ECLI:NL:RBDHA:2023:8238
Rechtbank Den Haag
- Vereenvoudigde behandeling
- Rechtspraak.nl
Afwijzing verzoek om voorlopige voorziening in asielzaak
In deze zaak heeft de voorzieningenrechter van de Rechtbank Den Haag op 8 juni 2023 uitspraak gedaan in een verzoek om voorlopige voorziening van een asielzoeker. De verzoeker, van Azerbeidzjaanse nationaliteit, had een aanvraag ingediend voor een verblijfsvergunning asiel voor bepaalde tijd, welke door de Staatssecretaris van Justitie en Veiligheid op 24 maart 2023 was afgewezen als kennelijk ongegrond. De verzoeker heeft hiertegen beroep ingesteld en verzocht om een voorlopige voorziening.
De zitting vond plaats op 13 april 2023, waarbij de verzoeker werd bijgestaan door een waarnemer van zijn gemachtigde en een tolk.

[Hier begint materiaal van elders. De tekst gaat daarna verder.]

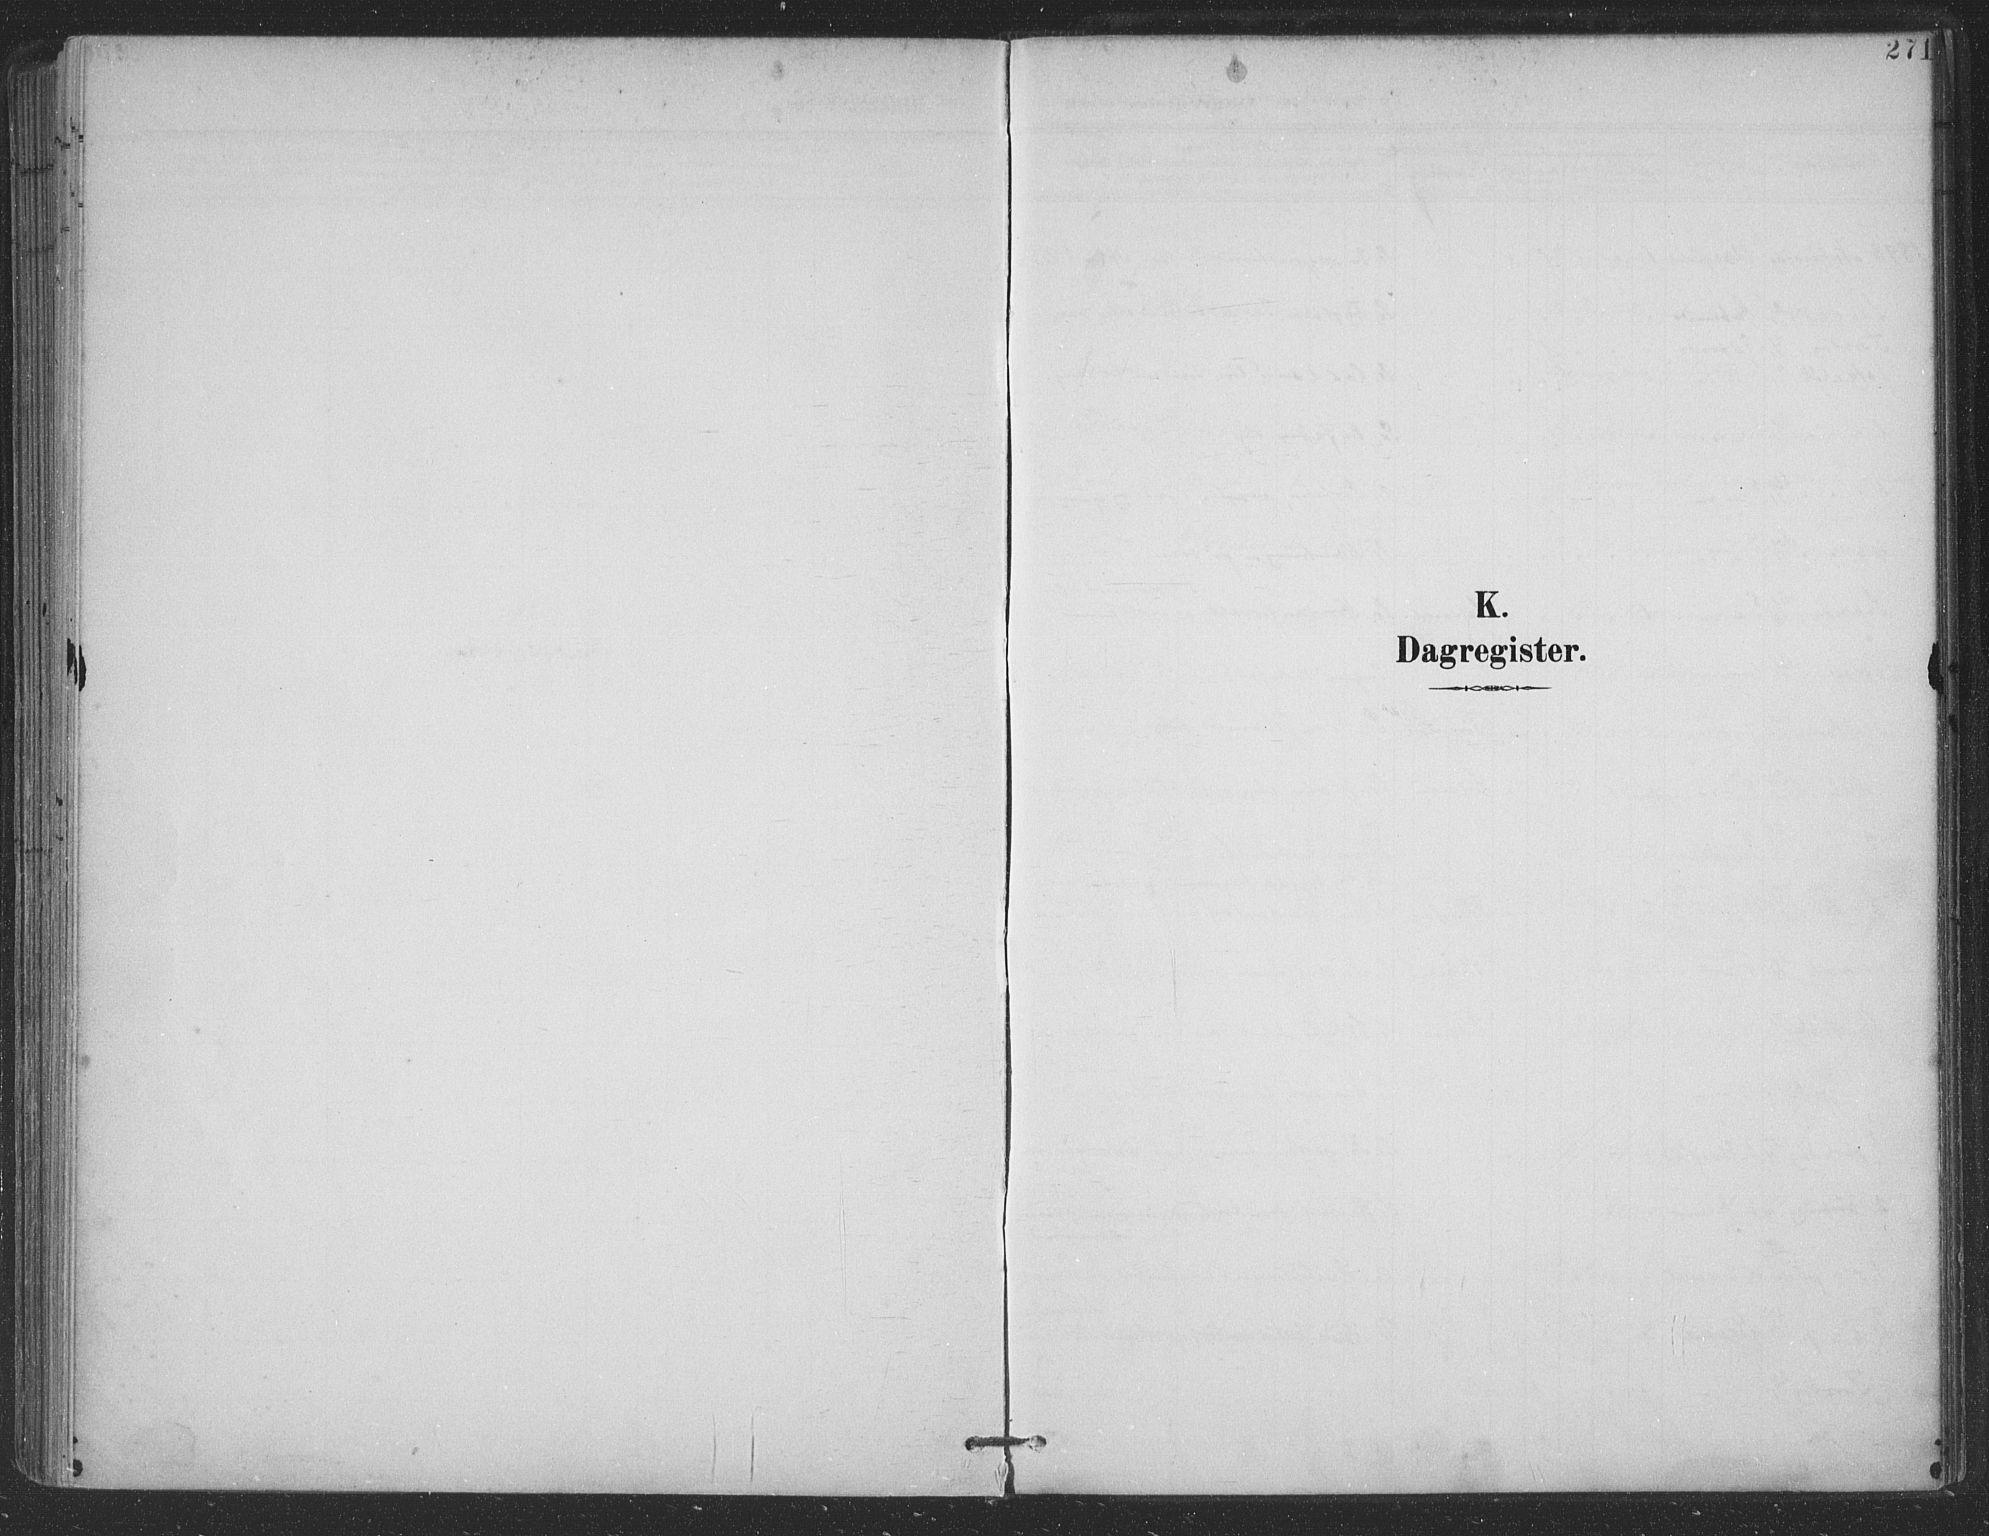 SAT, Ministerialprotokoller, klokkerbøker og fødselsregistre - Nordland, 863/L0899: Ministerialbok nr. 863A11, 1897-1906, s. 271

De Staatssecretaris was vertegenwoordigd door zijn gemachtigde, G.M. Bouius. Tijdens de zitting heeft de rechtbank ook de zaak NL23.9772 behandeld, die samenhangt met het verzoek van de verzoeker.
De voorzieningenrechter heeft geoordeeld dat, gezien de uitspraak in de samenhangende zaak NL23.9772, er geen noodzaak meer is voor een voorlopige voorziening. Het verzoek is daarom afgewezen. Tevens is er geen aanleiding voor een proceskostenveroordeling. De uitspraak is gedaan door mr. C. Brouwer, in aanwezigheid van R. de Boer als griffier, en is openbaar gemaakt via rechtspraak.nl. Tegen deze uitspraak staat geen hoger beroep of verzet open.